Task requirements
Only the lines from the one containing "premifair fairtrade schokolade" to the end of the data should be copied, exactly and without pictures.
(Supplied information begins)
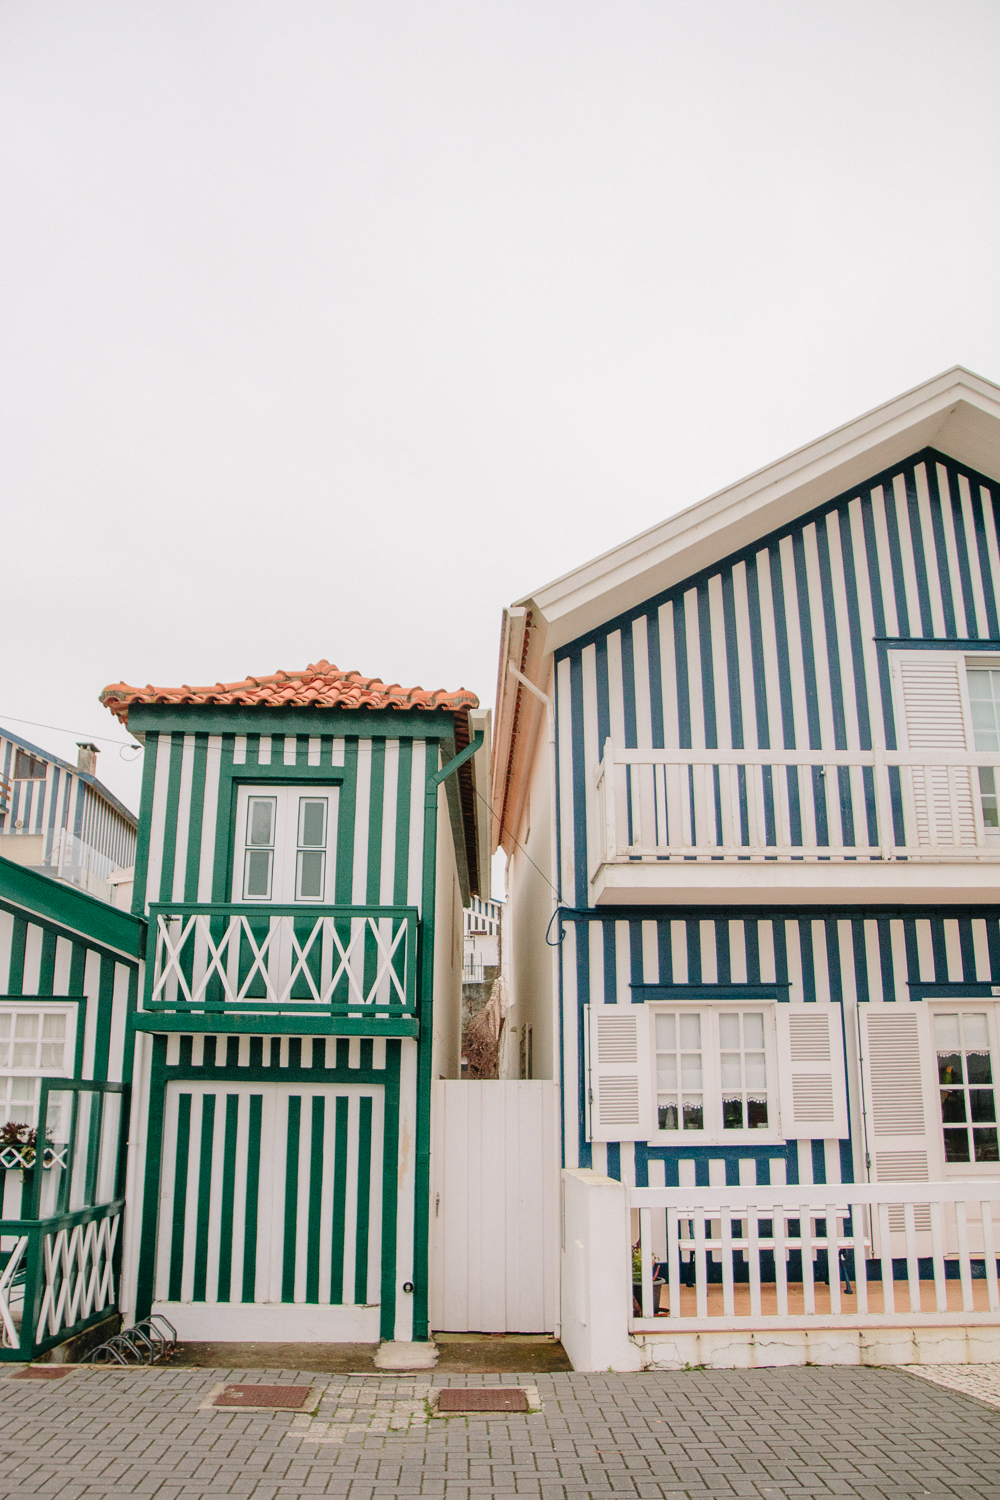 Colourful Striped Houses at Costa Nova Portugal
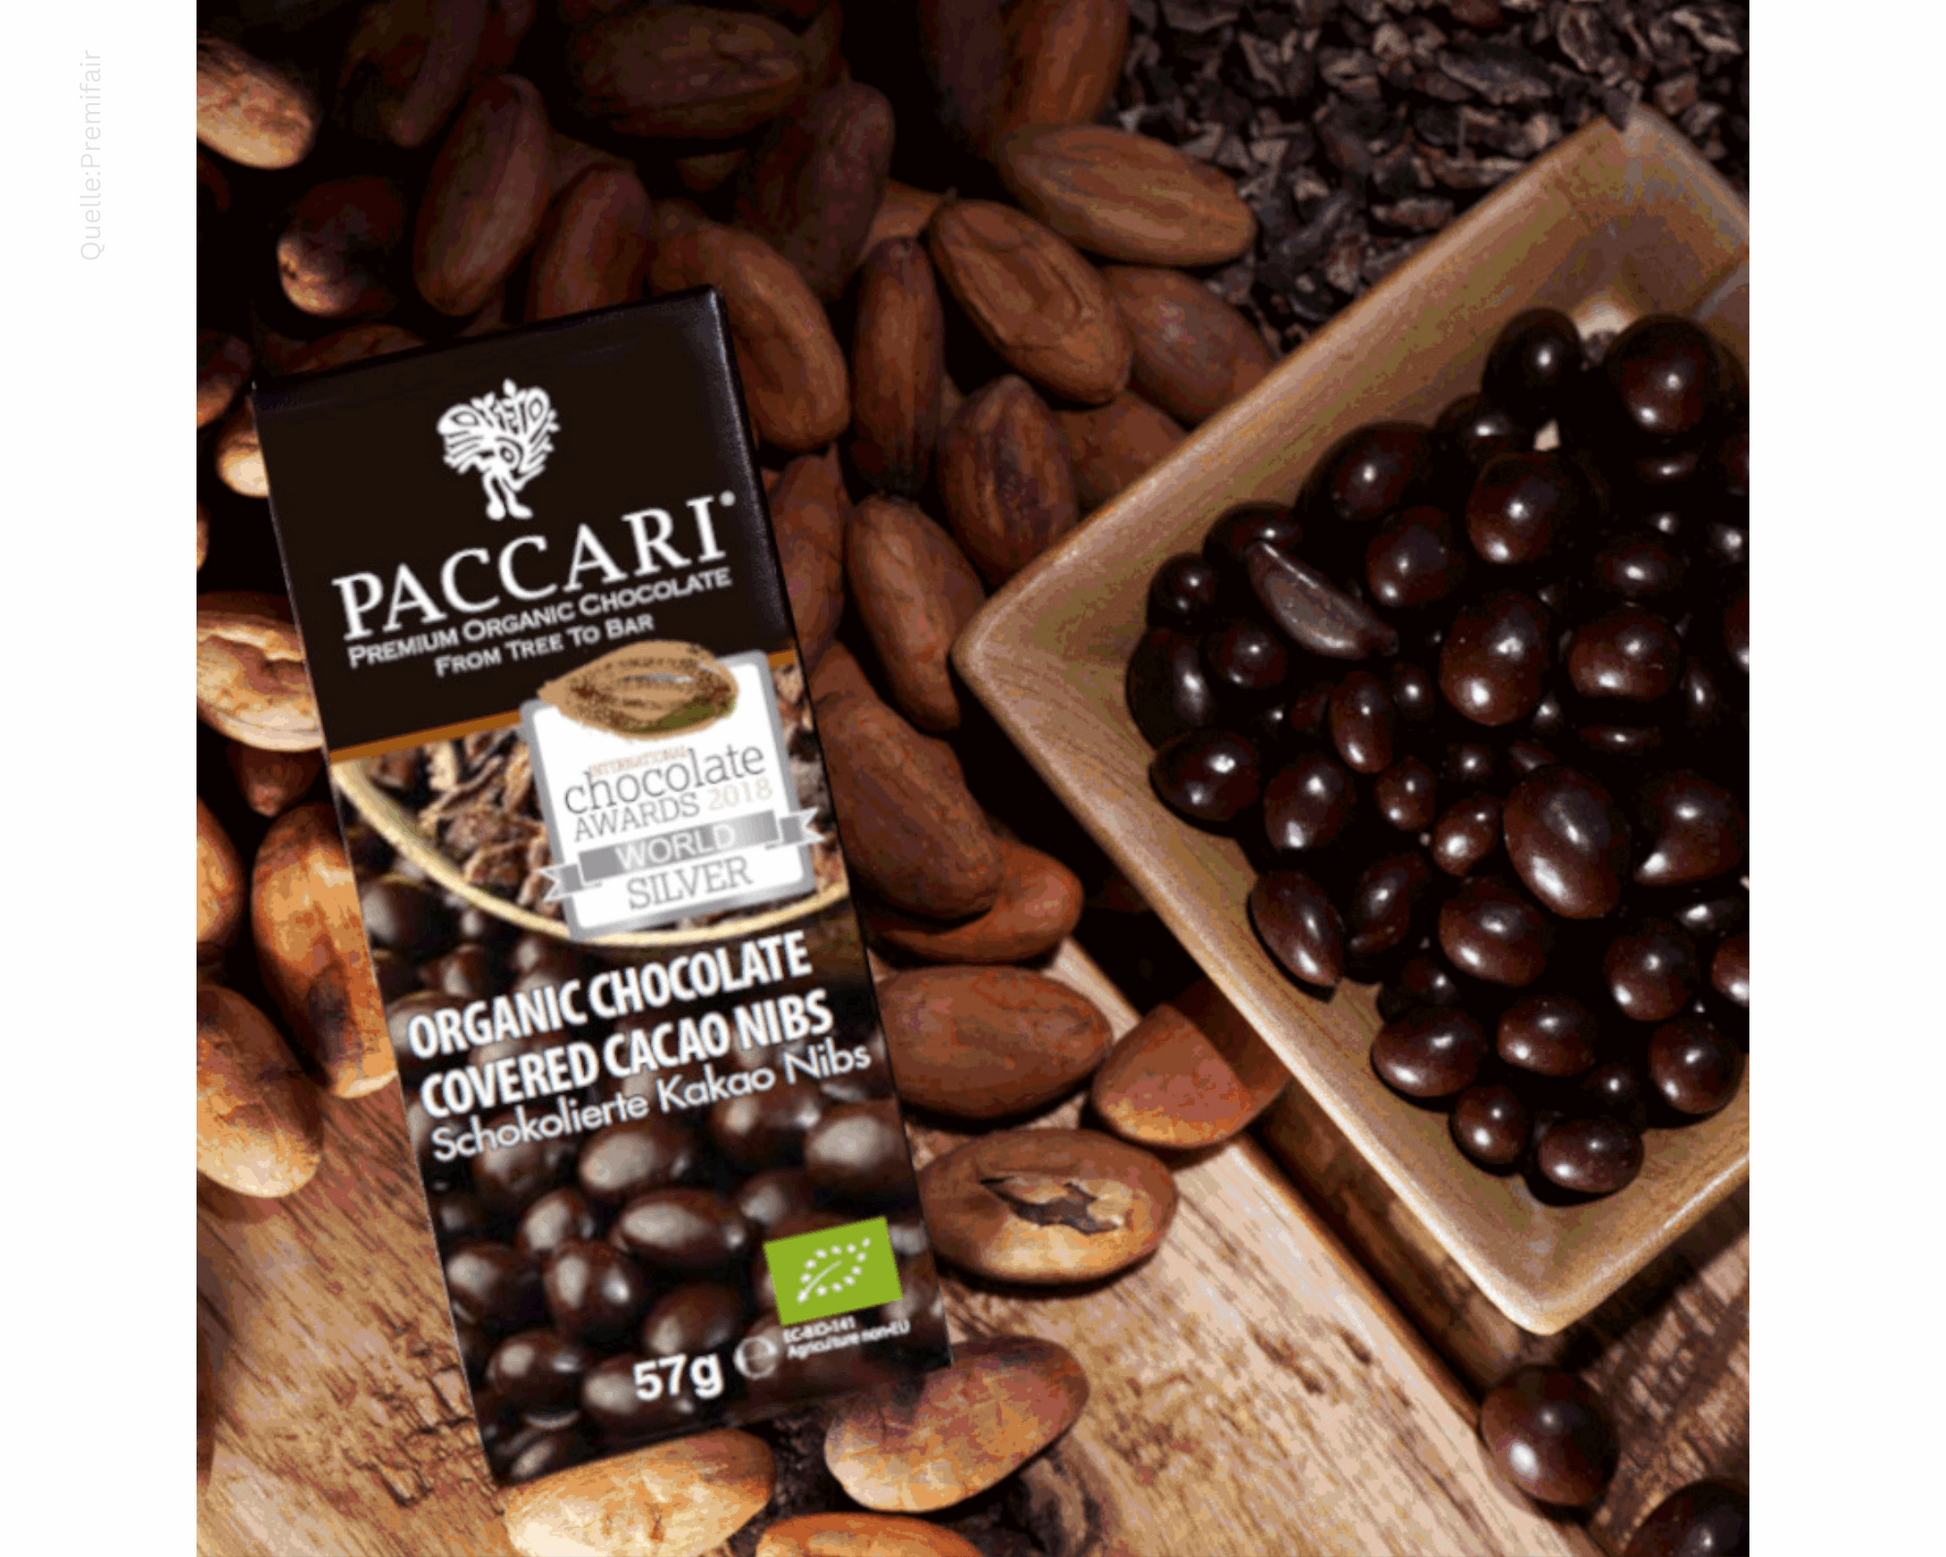 premifair fairtrade schokolade startup snack snackbox gesund layana life
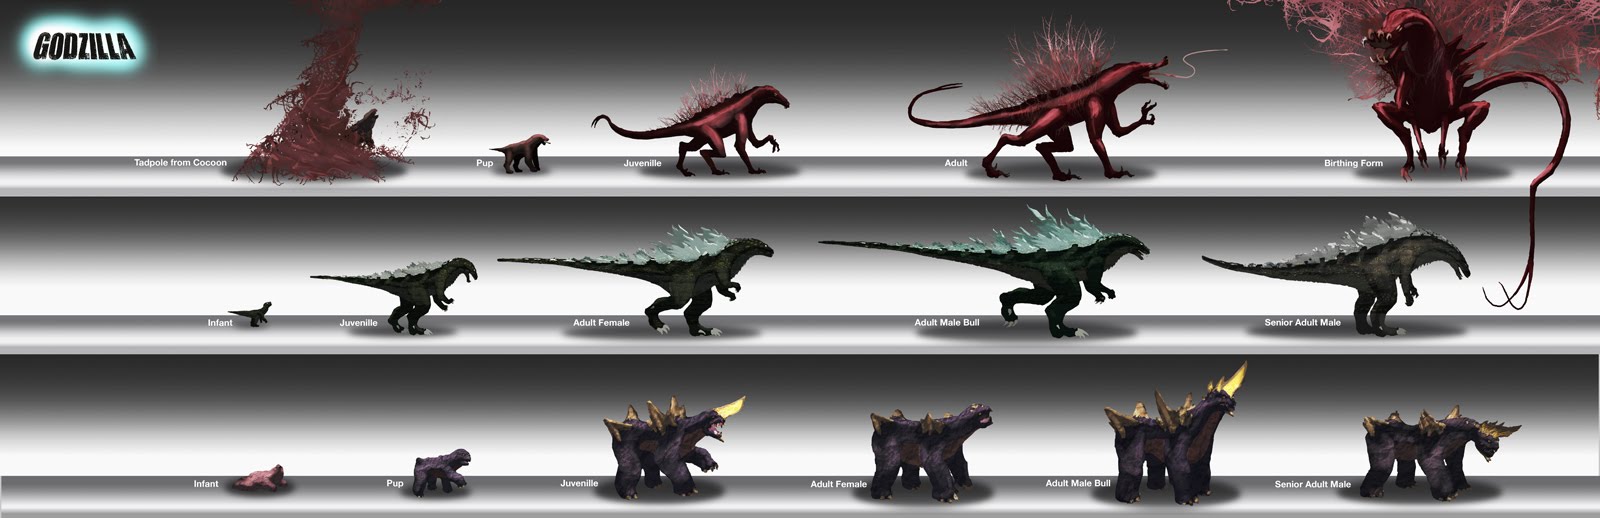 Potential Godzilla 2014 Concept Artwork - Monster Evolution
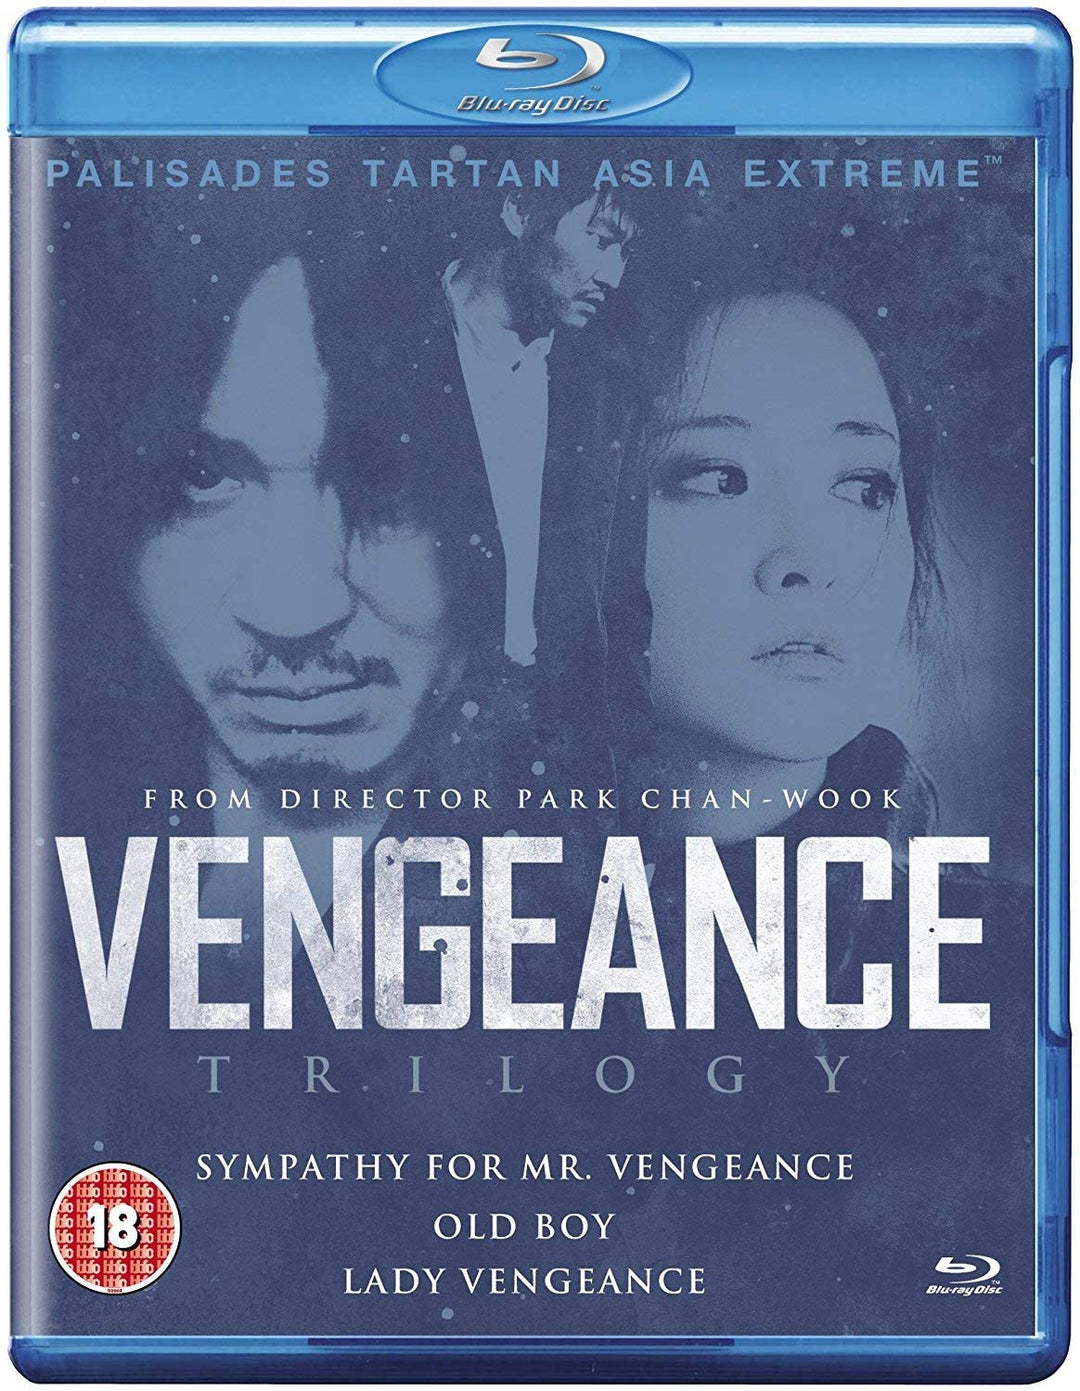 Vengeance Trilogy - Drama [DVD]
(Supplied information ends)
Written response
 premifair fairtrade schokolade startup snack snackbox gesund layana life
 Potential Godzilla 2014 Concept Artwork - Monster Evolution
 Vengeance Trilogy - Drama [DVD]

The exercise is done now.